/CAAC

Primary LanguagePythonBSD 2-Clause "Simplified" LicenseBSD-2-Clause

Character Aware Alignment Contrastive Learning for Chinese Scene Text Recognition

Official PyTorch implementation for Character Aware Alignment Contrastive Learning for Chinese Scene Text Recognition (CAAC).

Abstract

Indistinguishably caused by enormous character categories and significant character similarity is main challenge for Chinese scene text recognition. In this paper, we explore the topic of discriminative Chinese character representations extraction to cope with the above difficulties. The Character Aware Alignment Contrastive learning (CAAC) is proposed for Chinese scene text recognition, which achieves superior performance in an overall concise framework. We leverage the character aware properties of attentional decoder to instantiate character level contrastive learning with more fine-grained atomic elements than previous sub-word level self-supervised contrastive learning based text recognition methods. In addition, the projection-free strategy for directly coupling task loss and supervised contrastive loss is investigated to jointly guide the recognizer to be flexible to Chinese character identification and tradeoff between intra- and inter-domain generalization. All the proposed strategies are plug-and-play, we demonstrate that the CAAC induces stable performance boosting to existing methods and projection-free brings superior cross-domain generalization than three projection heads. Extensive experiments have been conducted on multiple text recognition benchmarks including a self-collected ship license plate dataset to verify the recognition performance, generalization capability and transferability. The experimental results show that our method outperforms previous methods by 2.81% and 1.34% on Chinese Scene and Web text recognition datasets.

Runtime Environment

  • Inference requires PyTorch >= 1.7.1
  • For training and evaluation, install the dependencies
pip install -r requirements.txt

Datasets

  • Download Scene and Web lmdb dataset for training and evaluation.
  • For cross-domain generalization analysis, the commonly used English datasets can be downloaded in IIIT5K (IIIT), Street View Text (SVT), ICDAR 2015 (IC15 1811), Street View Text Perspective (SVTP), and WordArt.
  • The new collected SLPR and SLPR-P dataset consists of 6,922 artistic text images with 5,131 training images and 1,791 testing images. The dataset is available at Project.

Training and Evaluation

  • Training
python main.py --config=configs/xxx.yaml
  • Evaluation
python main.py --config=configs/xxx.yaml --phase test --image_only

Pretrained Models

Get the pretrained models from GoogleDrive. Performances of some pretrained models are summaried as follows, ACC / NED follow the percentage format and decimal format, respectively.

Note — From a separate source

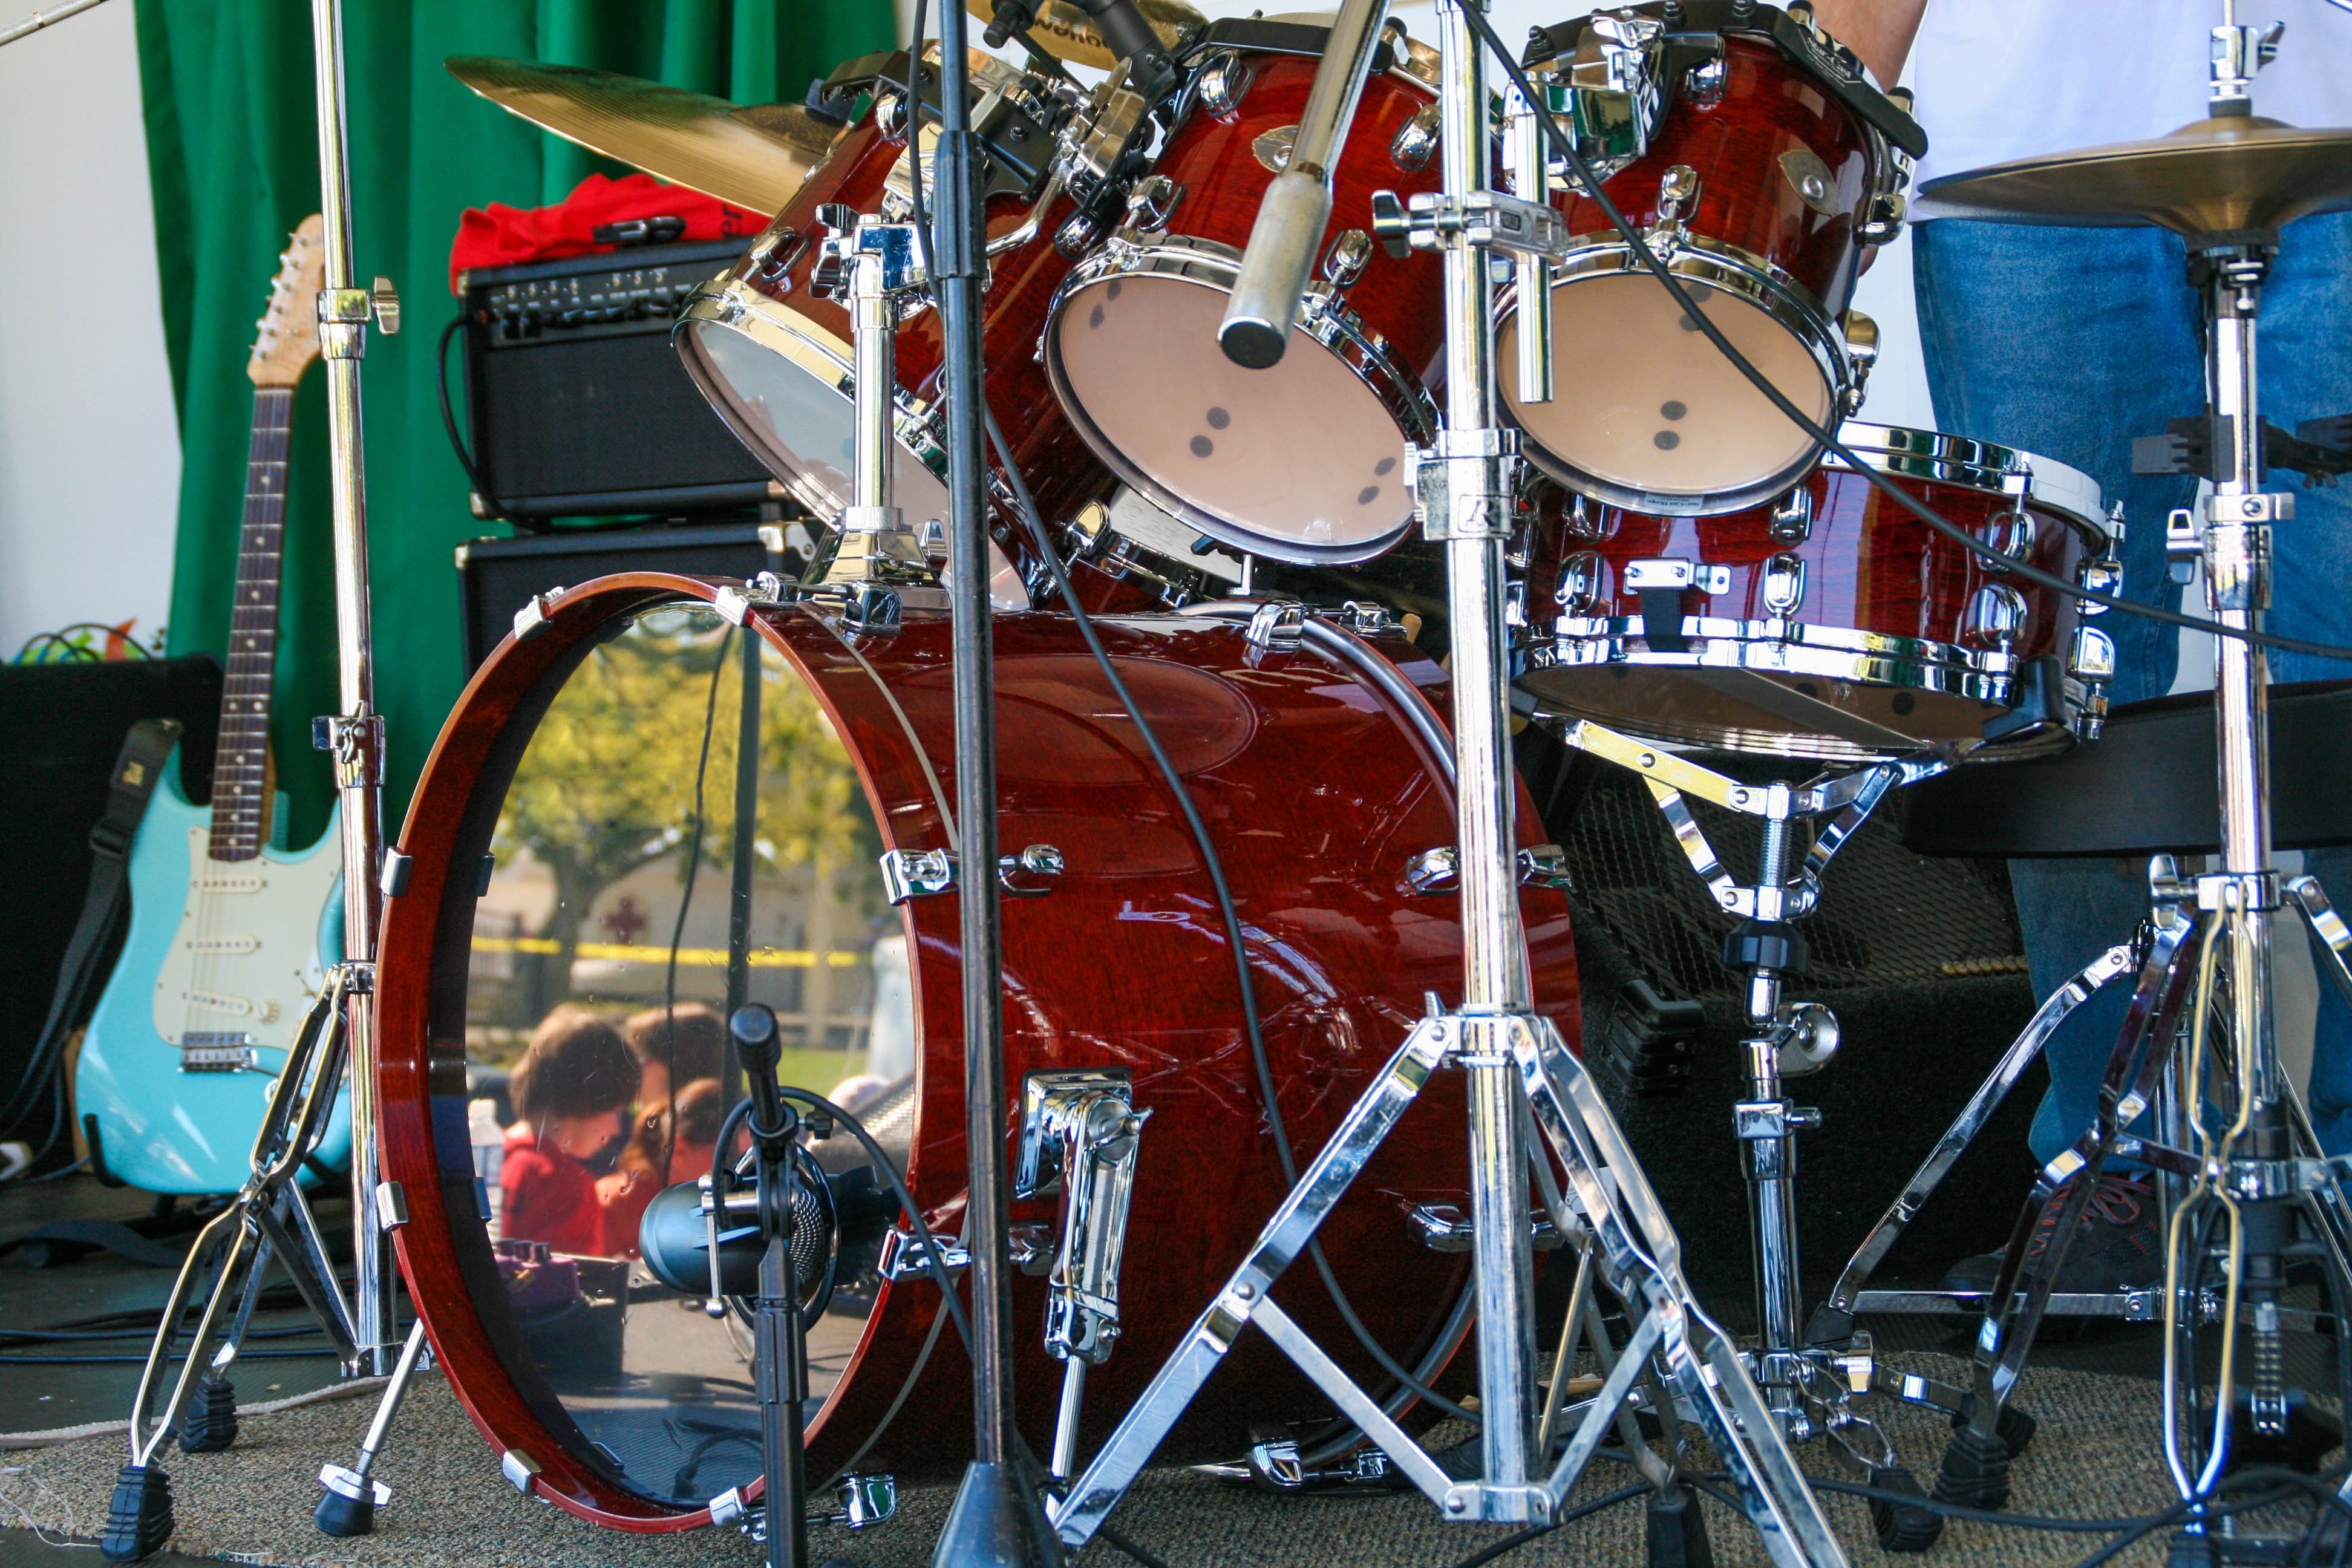 The Drums ... If you were in the band, what instrument would you be playing? #writingprompts #dailyPrompt, #prompts #Drums I'd have a complete set of red drums at that.

Model Scene Web log (Scene) log (Web) SLPR SLPR-P log (SLPR) log (SLPR-P)
ResNet-45-CAAC 65.11 / 0.815 63.40 / 0.801 Link Link 92.85 / 0.977 86.60 / 0.945 Link Link
ResNet-45-no-CAAC 64.07 / 0.809 62.86 / 0.799 Link Link 92.85 / 0.976 88.50 / 0.954 Link Link
Swin-S-CAAC 74.91 / 0.88. 64.74 / 0.813 Link Link - - - -
Swin-S-no-CAAC 72.93 / 0.873 62.64 / 0.800 Link Link - - - -

Evaluation logs

Please click the hyperlinks to see the detailed experimental results, following the format of ([gt] [pt])

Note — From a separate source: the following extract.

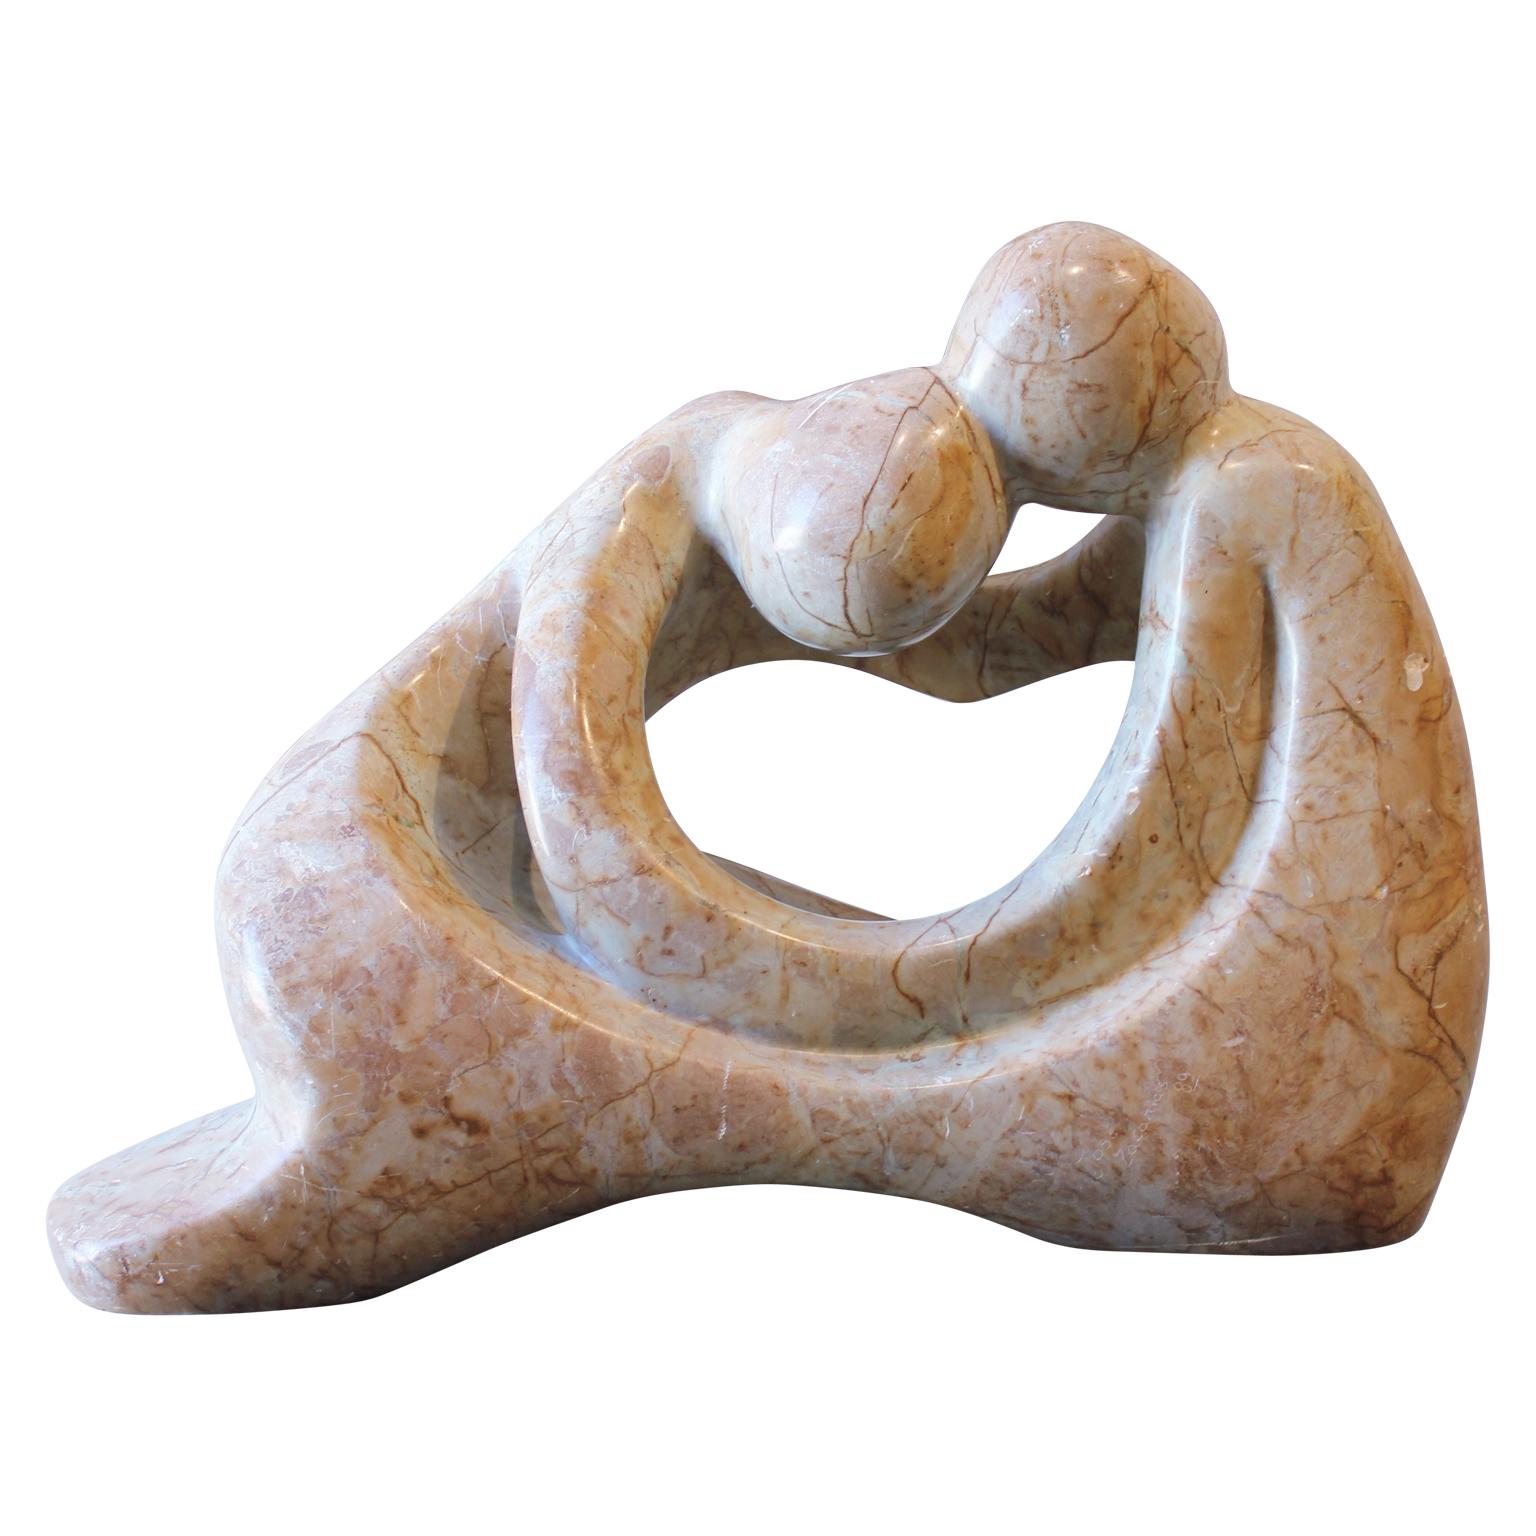 Jose Zacarias Abstract Sculpture - Two Embracing Figures

  • ResNet-45-Scene-CAAC: Link
  • Swin-S-Scene-CAAC: Link
  • ResNet-45-Web-CAAC: Link
  • Swin-S-Web-CAAC: Link

Acknowledgements

This implementation is based on the repository ABINet, SupContrast, FudanVI /benchmarking-chinese-text-recognition, WordArt.

License

Follow the ABINet, this project is only free for academic research purposes, licensed under the 2-clause BSD License - see the LICENSE file for details.